» **Task objective**: The answer should be an exact repeat of the stretch of material below from the line containing "Игра собачка. Doggie" through the line containing "Resmi hesapta Mustafa".

» **The records**:
========================================================================

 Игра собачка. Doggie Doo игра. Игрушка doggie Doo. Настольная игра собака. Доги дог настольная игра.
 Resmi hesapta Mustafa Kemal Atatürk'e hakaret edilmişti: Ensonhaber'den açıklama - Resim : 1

========================================================================

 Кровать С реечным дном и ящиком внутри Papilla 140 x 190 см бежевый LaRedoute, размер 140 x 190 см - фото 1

========================================================================

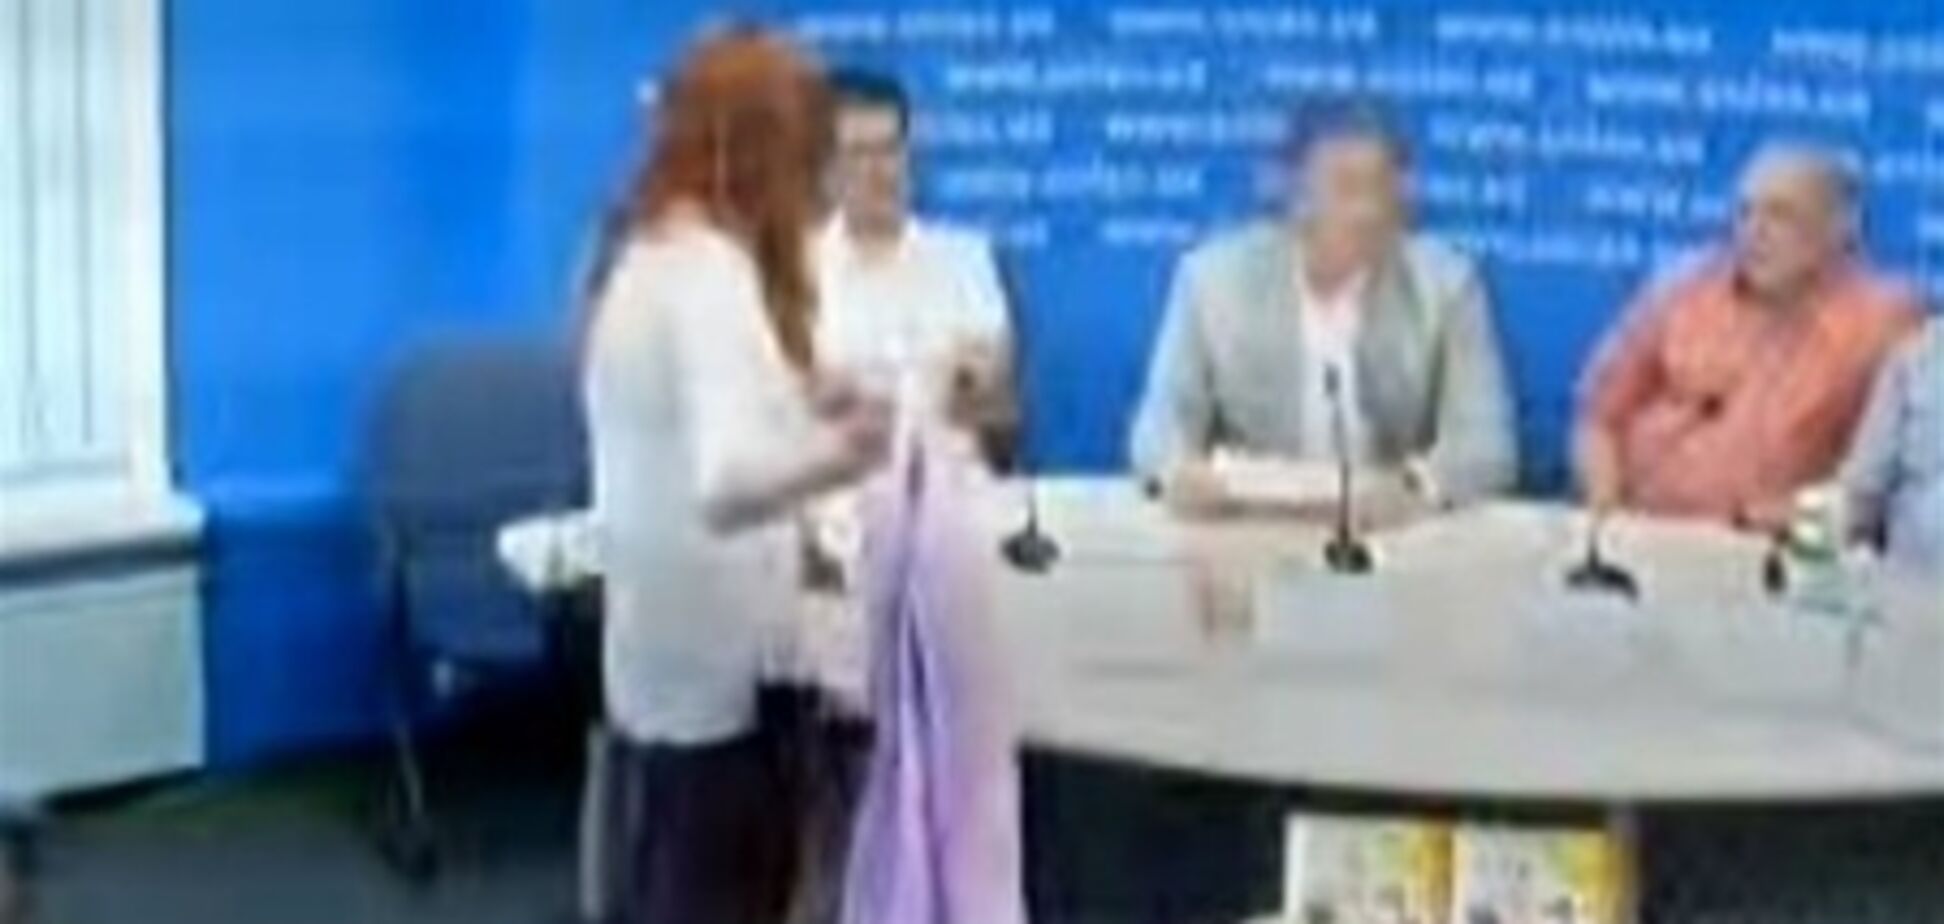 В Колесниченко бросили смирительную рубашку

========================================================================

» **Solution to this problem**:
 Игра собачка. Doggie Doo игра. Игрушка doggie Doo. Настольная игра собака. Доги дог настольная игра.
 Resmi hesapta Mustafa Kemal Atatürk'e hakaret edilmişti: Ensonhaber'den açıklama - Resim : 1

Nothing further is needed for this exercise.